Content Copyright © 2021 Bloor. All Rights Reserved.
Also posted on: Bloor blogs
Fear not, this is not going to be a nerdy deep dive into the technical minutiae of this week’s Facebook outage. Plenty of others have done that to death, but if you are interested, the clearest and most detailed description of what occurred can be found in this blog and follow up video podcast from the folks at Thousand Eyes. Rather, I am going to focus on the implications for business and IT leaders that come out of the conclusions of their analysis.
Given the importance of IT in general, and networks and the internet in particular, to Facebook’s business model, you have to ask if this particular failure scenario was high up, if not at the top of, their corporate risk register. Even if it was, the inclination of many people to ignore or downplay a risk that is unlikely to happen very often (if at all), even though the impact of the failure would be catastrophic, is all too common. The challenge is that you can spend enormous amounts of time, energy and money on minimising the chance of it happening and putting in place mitigations to deal with it if it does, and then it never happens. Nobody likes spending money on insurance until the disaster happens.

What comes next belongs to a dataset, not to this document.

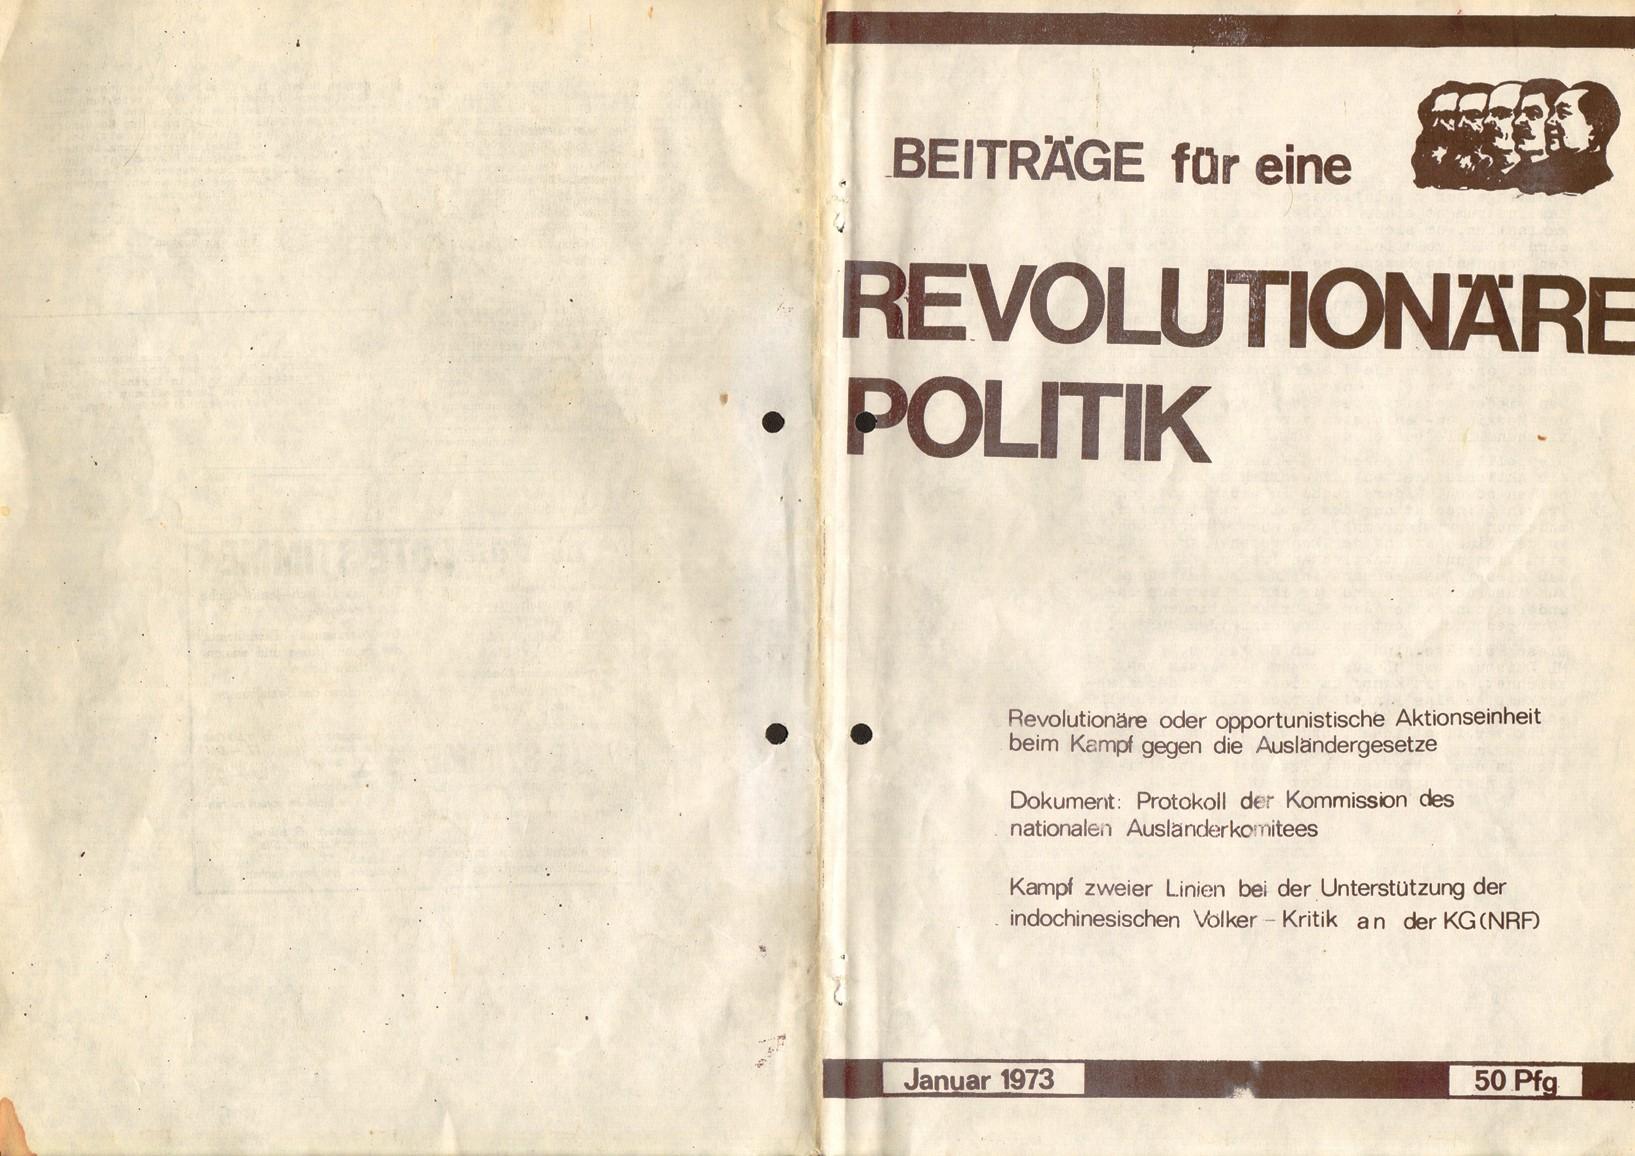 Aachen_Beitraege_revolutionaere_Politik_1973_01_01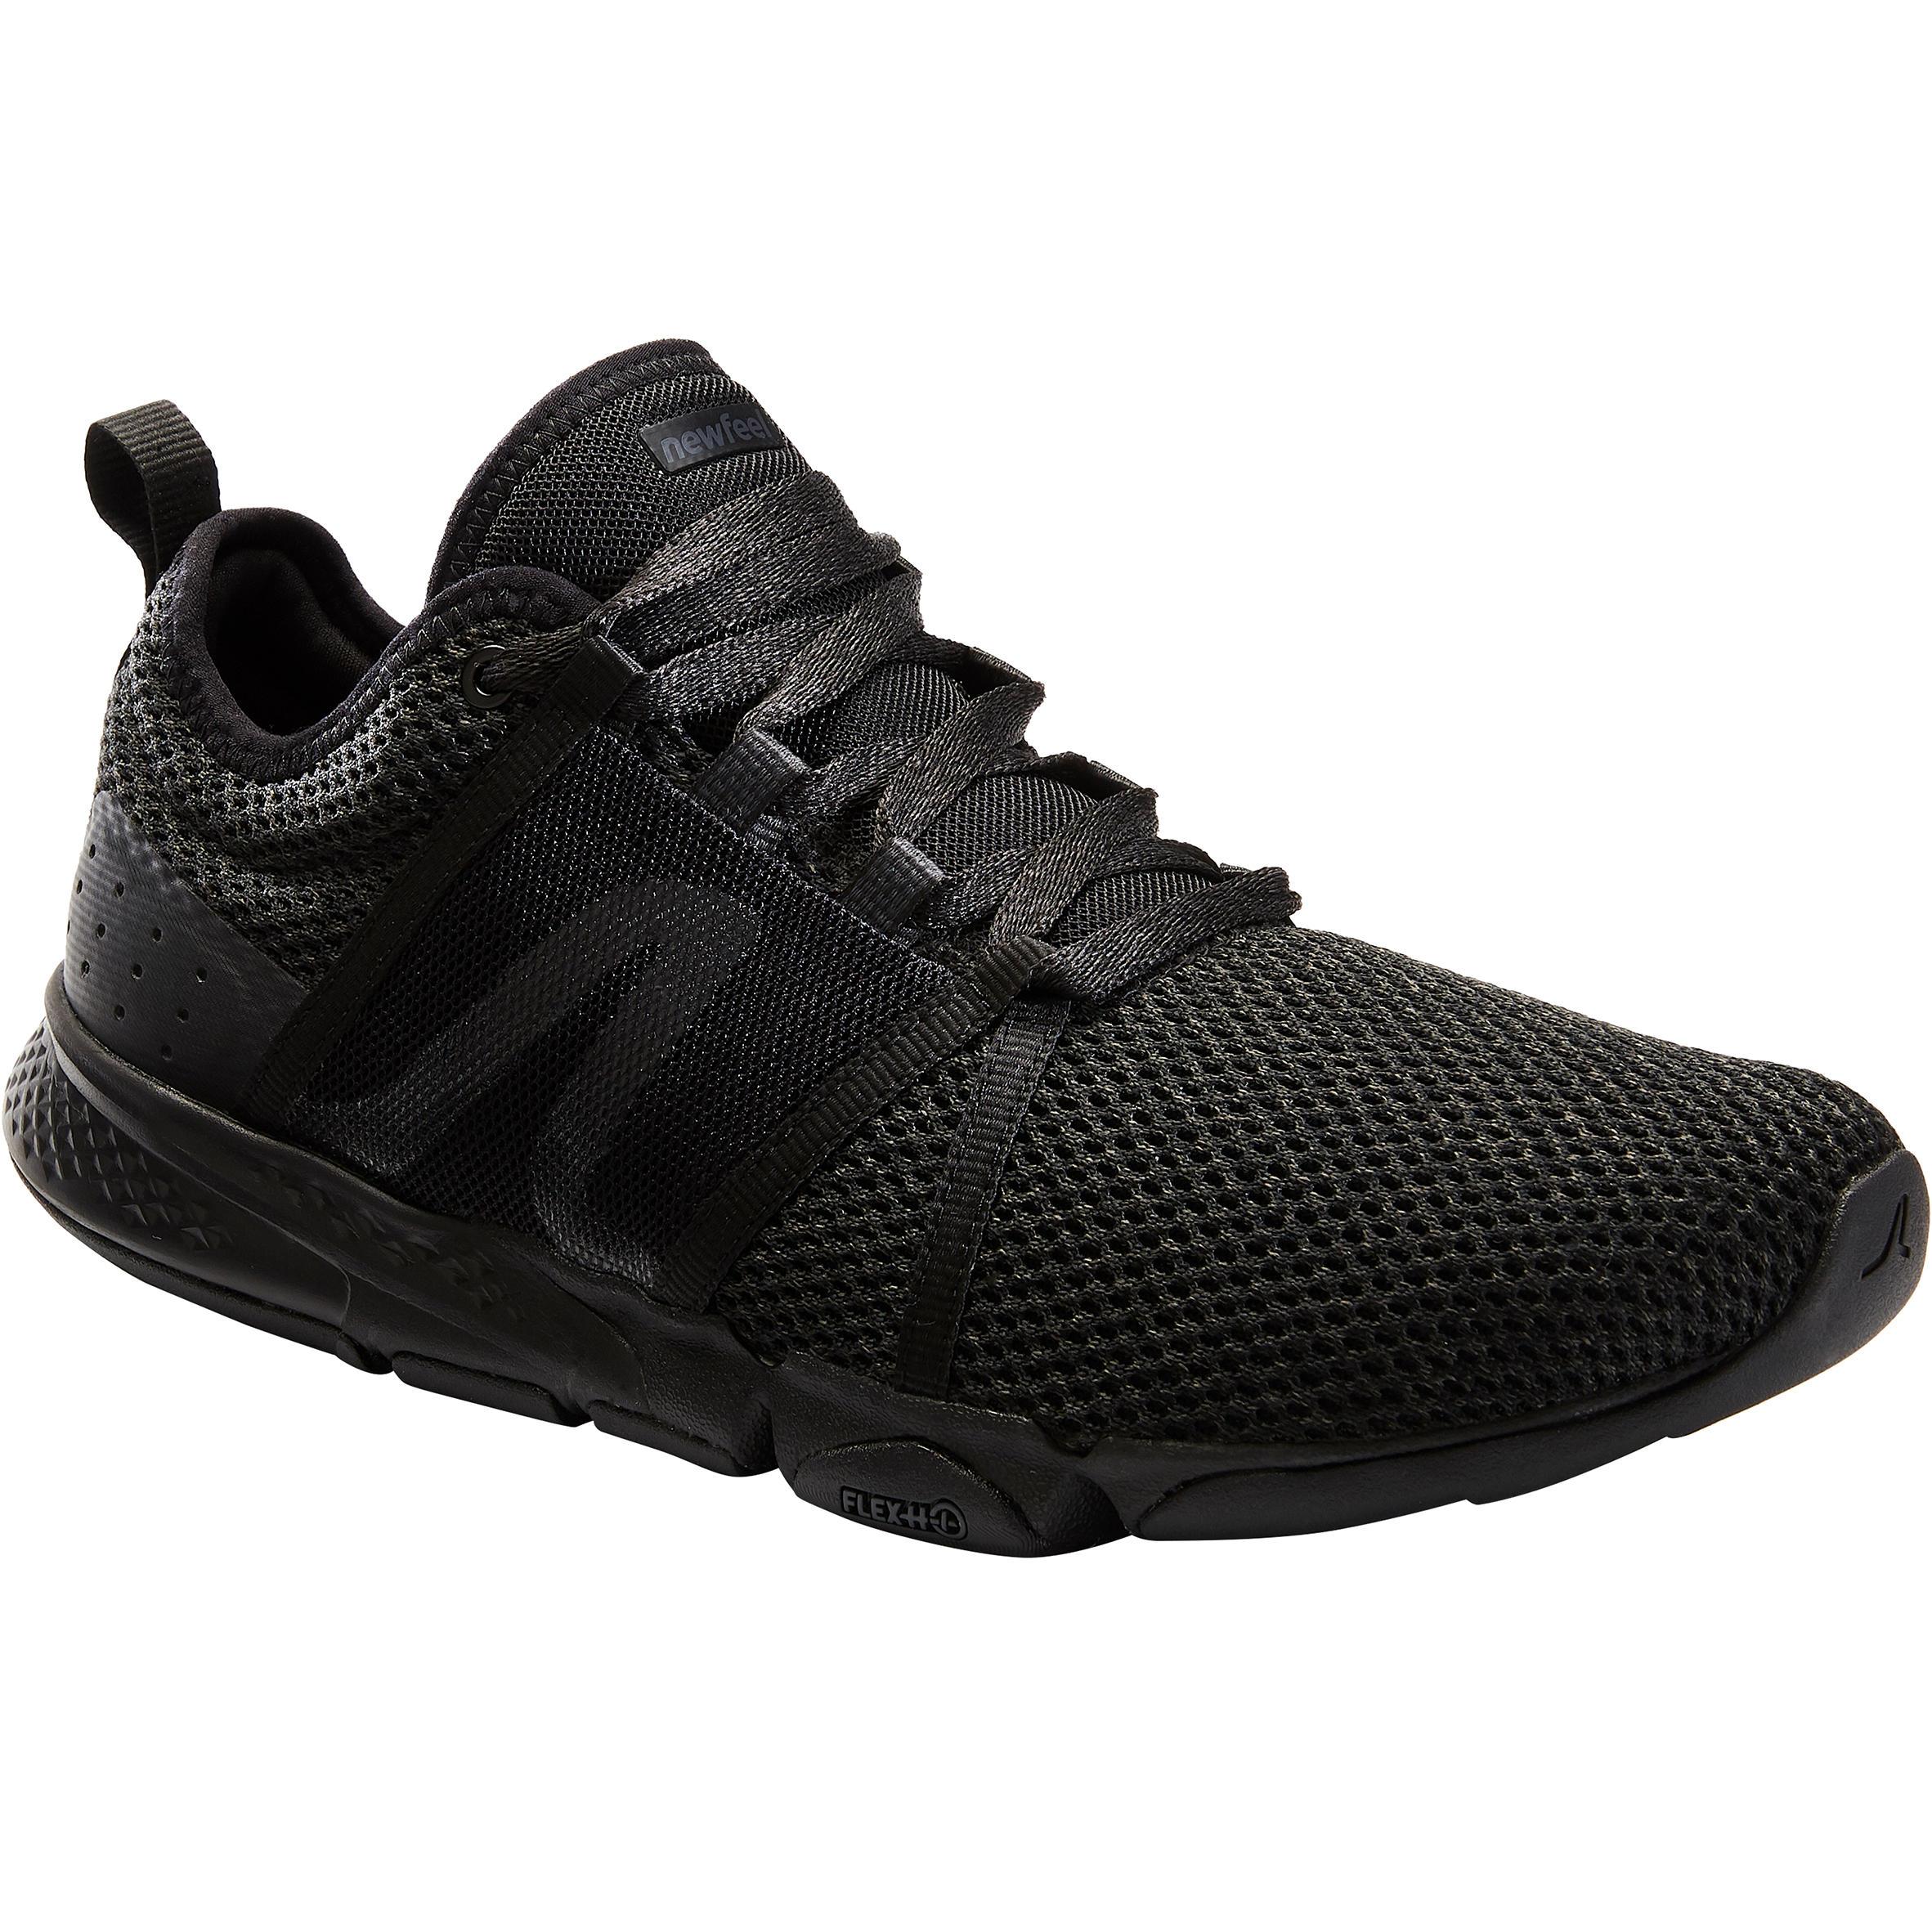 Newfeel Chaussures marche sportive homme PW 540 Flex-H+ full noir - Newfeel

You will know what applications and services are important in driving customer experience, revenue and profitability. As a first step you should be challenging your IT people to prove they have identified and can monitor seamlessly, all the various layers and elements of the IT and network infrastructure that those critical applications and services use. Only then can you assess all applications dependencies and, therefore, risks. There is no excuse, there are good tools out there. Acquire them and use them.
Most large organisations have a business continuity plan and most of those will say that they haven’t got, or have mitigated any single points of failure. There is much talk about designing in resilience and business continuity from the start. I’m sure most organisations believe that is being done. I’m sure Facebook did, but the fact of the matter is that there was clearly more than one “single point of failure” in this incident (follow the Thousand Eyes article and podcast and you will spot them). To be fair, the Facebook IT and network environment is enormous and highly complex. Spotting the single point of failure may not be that simple. That is why testing your business continuity plans, annually at least, is so critical. In large, complex environments this can be a costly burden. But it comes back to risk assessment and risk management. If it can knock $4bn off your share value, it might just be worth the effort.
An unfortunate by-product of the Facebook outage, identified by Rory Cellan-Jones on his “5 minutes on” podcast on BBC sounds, was the adverse impact it had on small businesses who rely on Facebook to drive traffic to their websites. It might just be that your critical single-point-of failure is not your IT infrastructure but the IT infrastructure of a partner you rely on. Mind where you put your eggs.